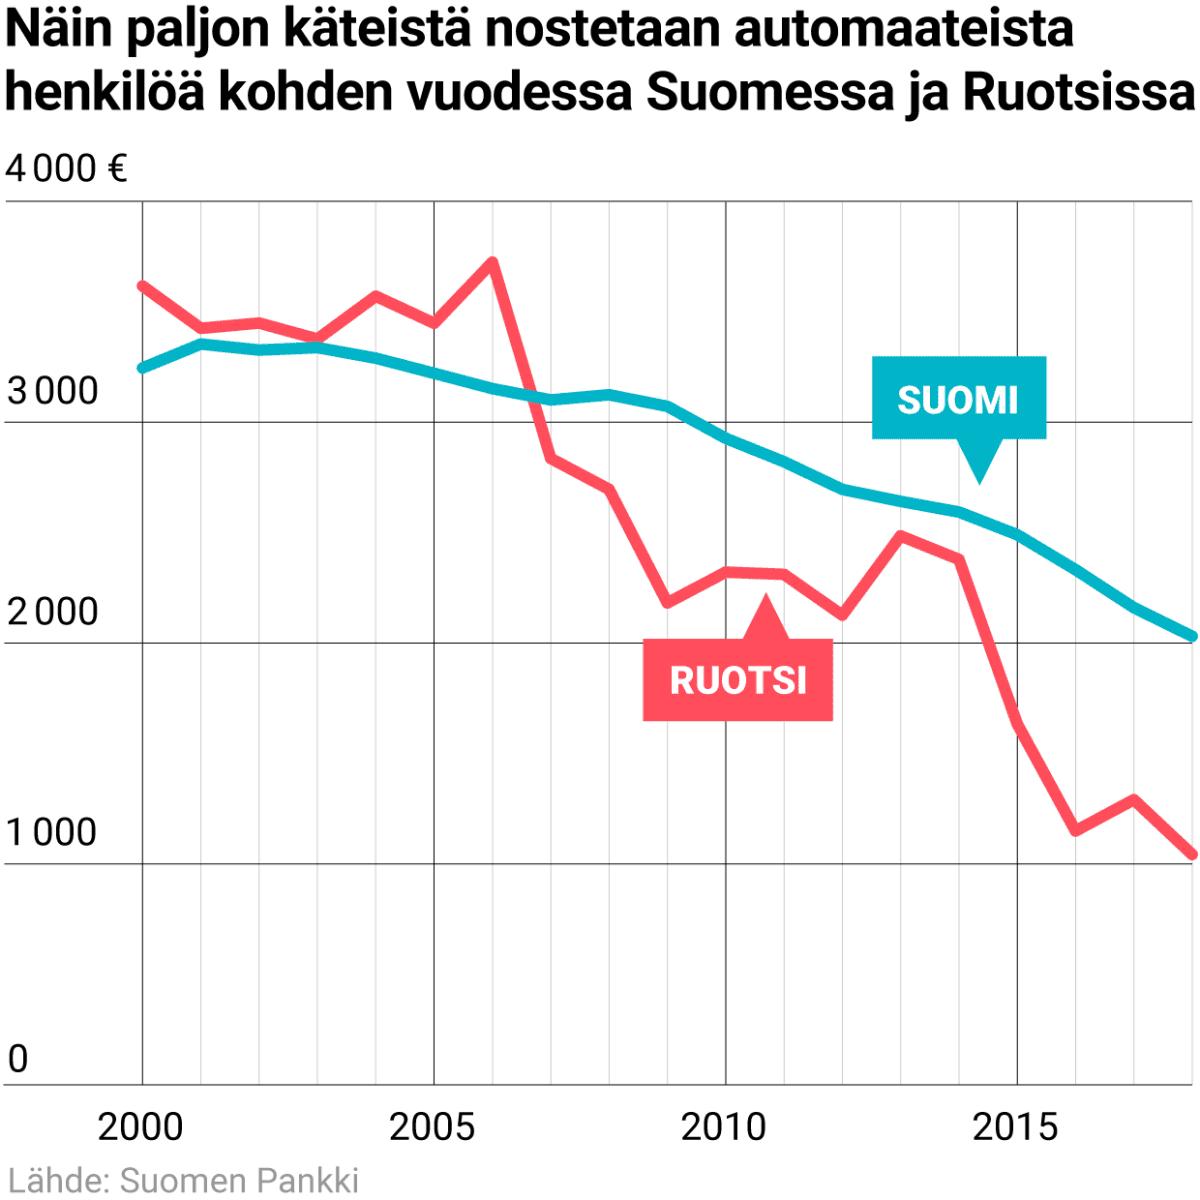 Näin paljon käteistä nostetaan automaateista henkilöä kohden vuodessa Suomessa ja Ruotsissa
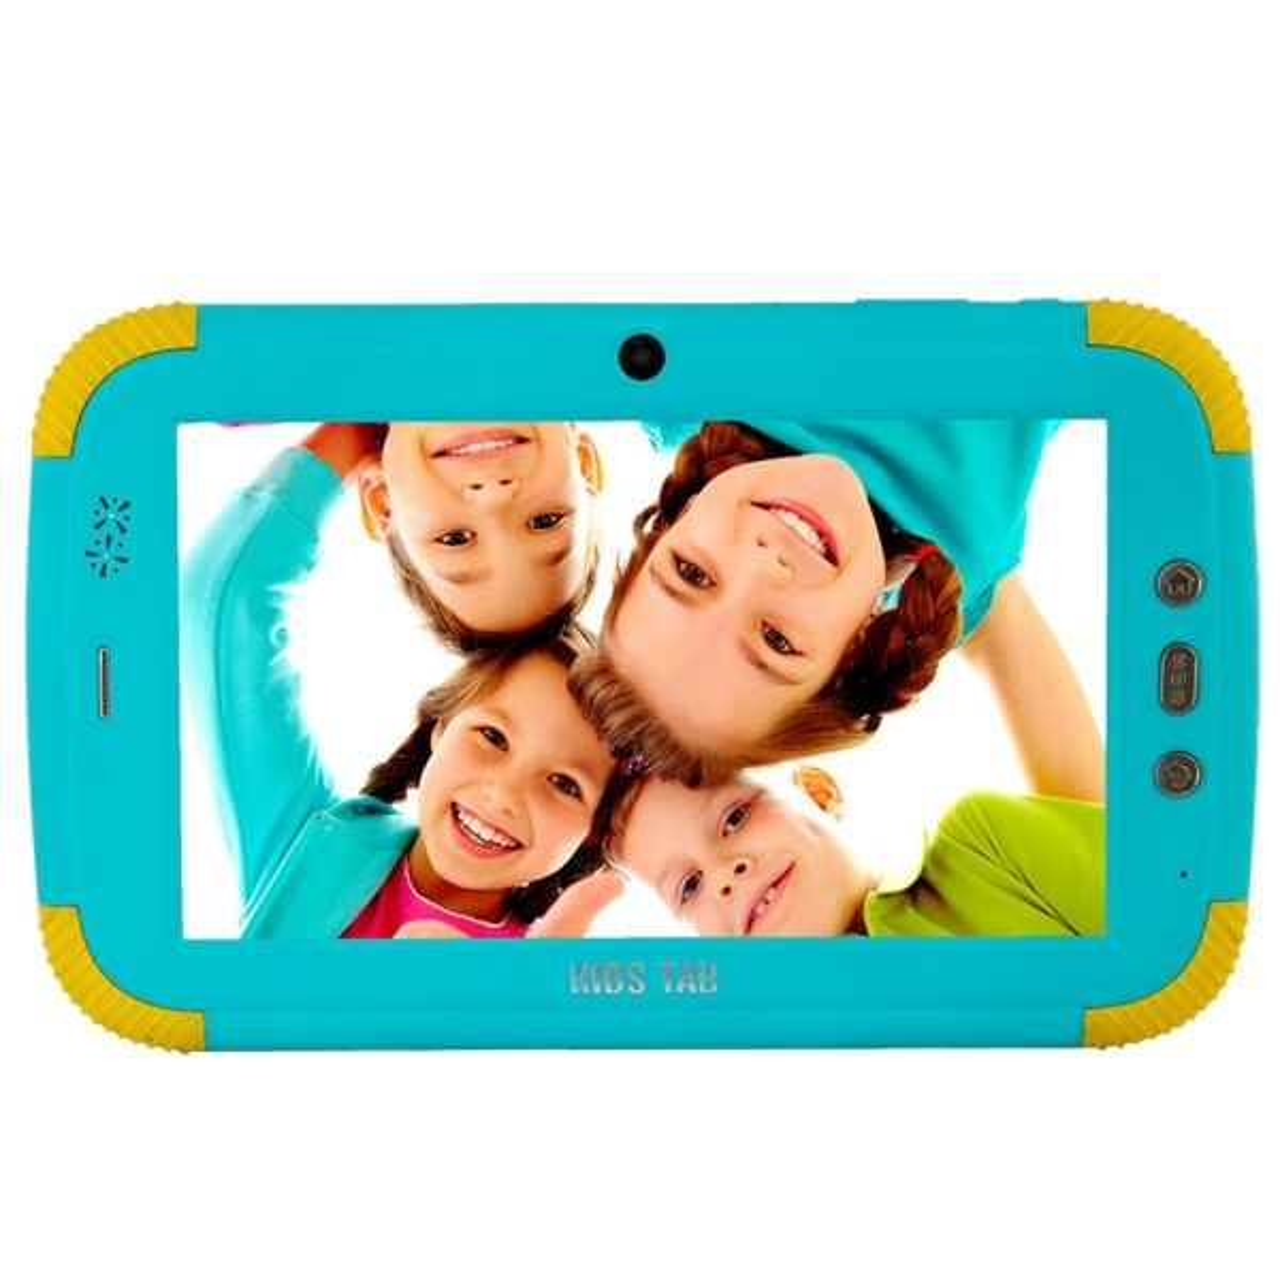 تبلت آیلایف مدل Kids Tab 7 ظرفیت 8 گیگابایت
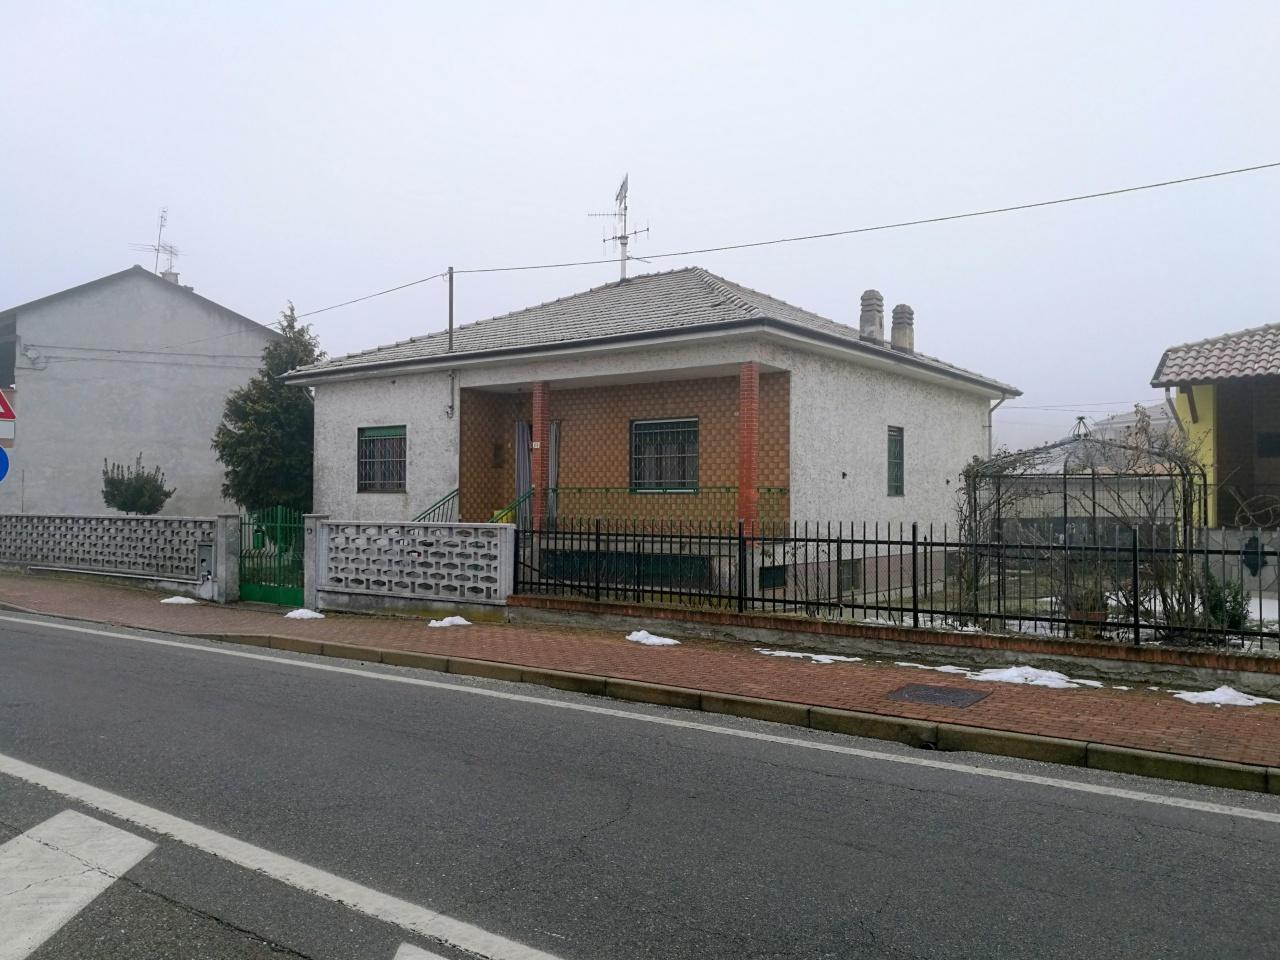 Foto 1 di Casa indipendente XX SETTEMBRE, Rondissone
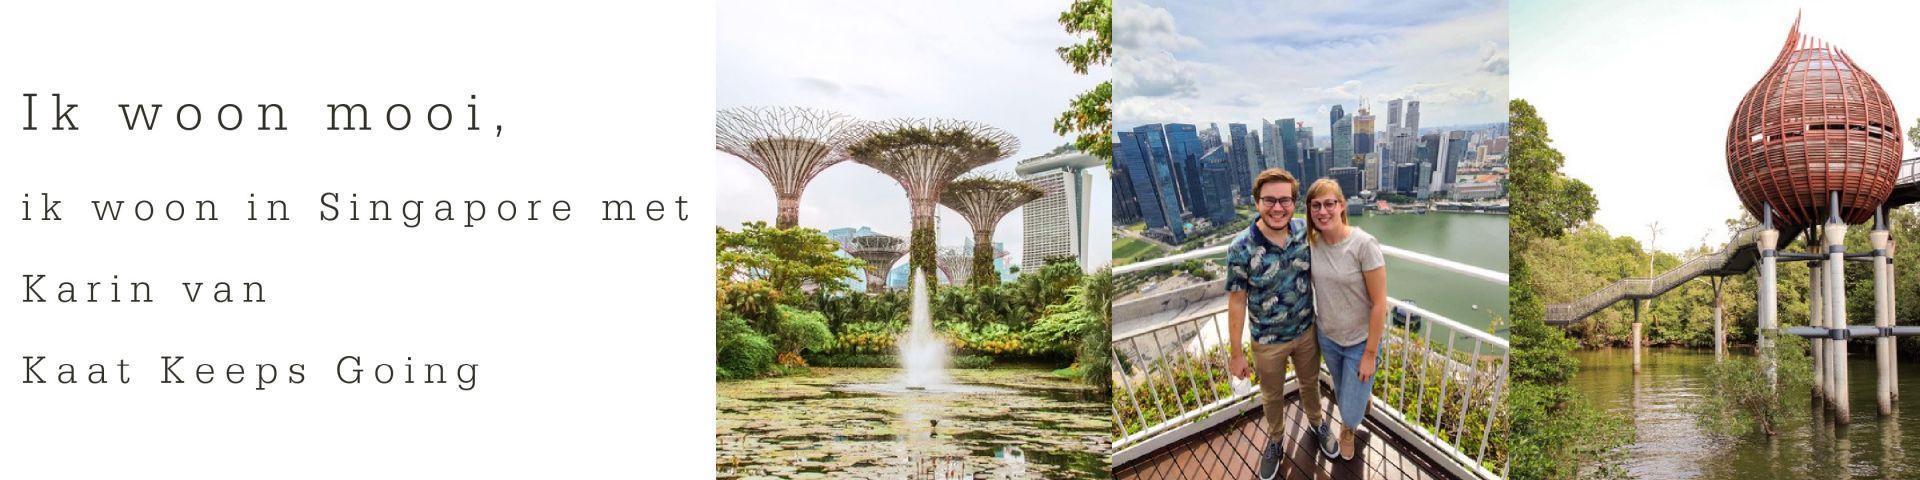 Ik woon mooi, ik woon in Singapore
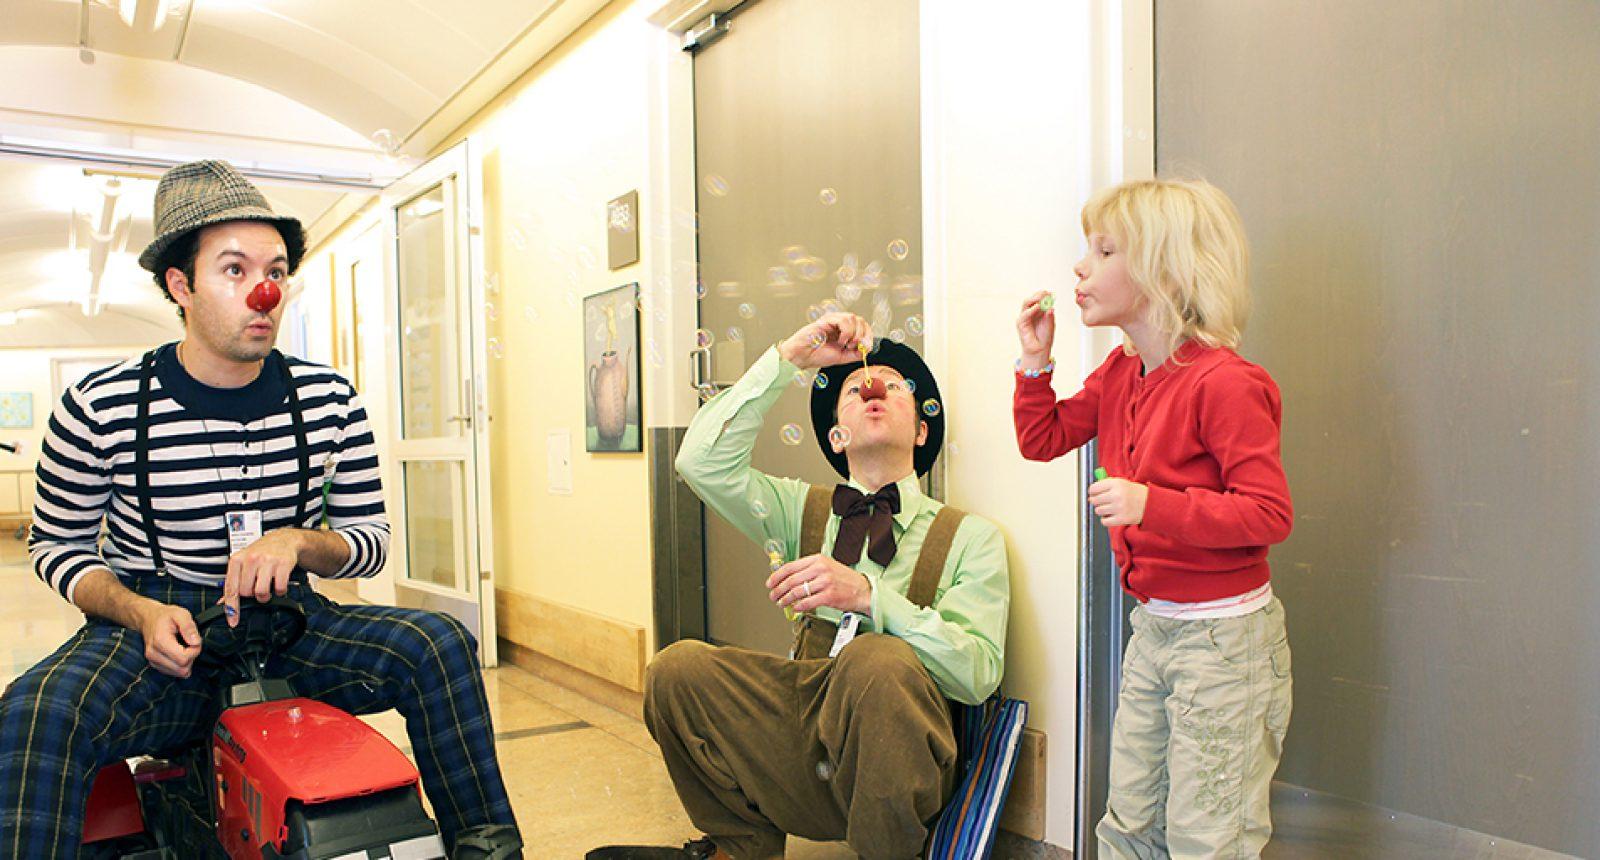 Såpebobler Ⓒ Foto Mathias Jørgensen, Sykehusklovnene

### What the task asks
Retype the records above exactly, leaving every picture out of your copy.

### Task result
 Näin paljon käteistä nostetaan automaateista henkilöä kohden vuodessa Suomessa ja Ruotsissa
 تبلت آیلایف مدل Kids Tab 7 ظرفیت 8 گیگابایت
 Foto 1 di Casa indipendente XX SETTEMBRE, Rondissone
 Ik woon mooi, ik woon in Singapore
 Såpebobler Ⓒ Foto Mathias Jørgensen, Sykehusklovnene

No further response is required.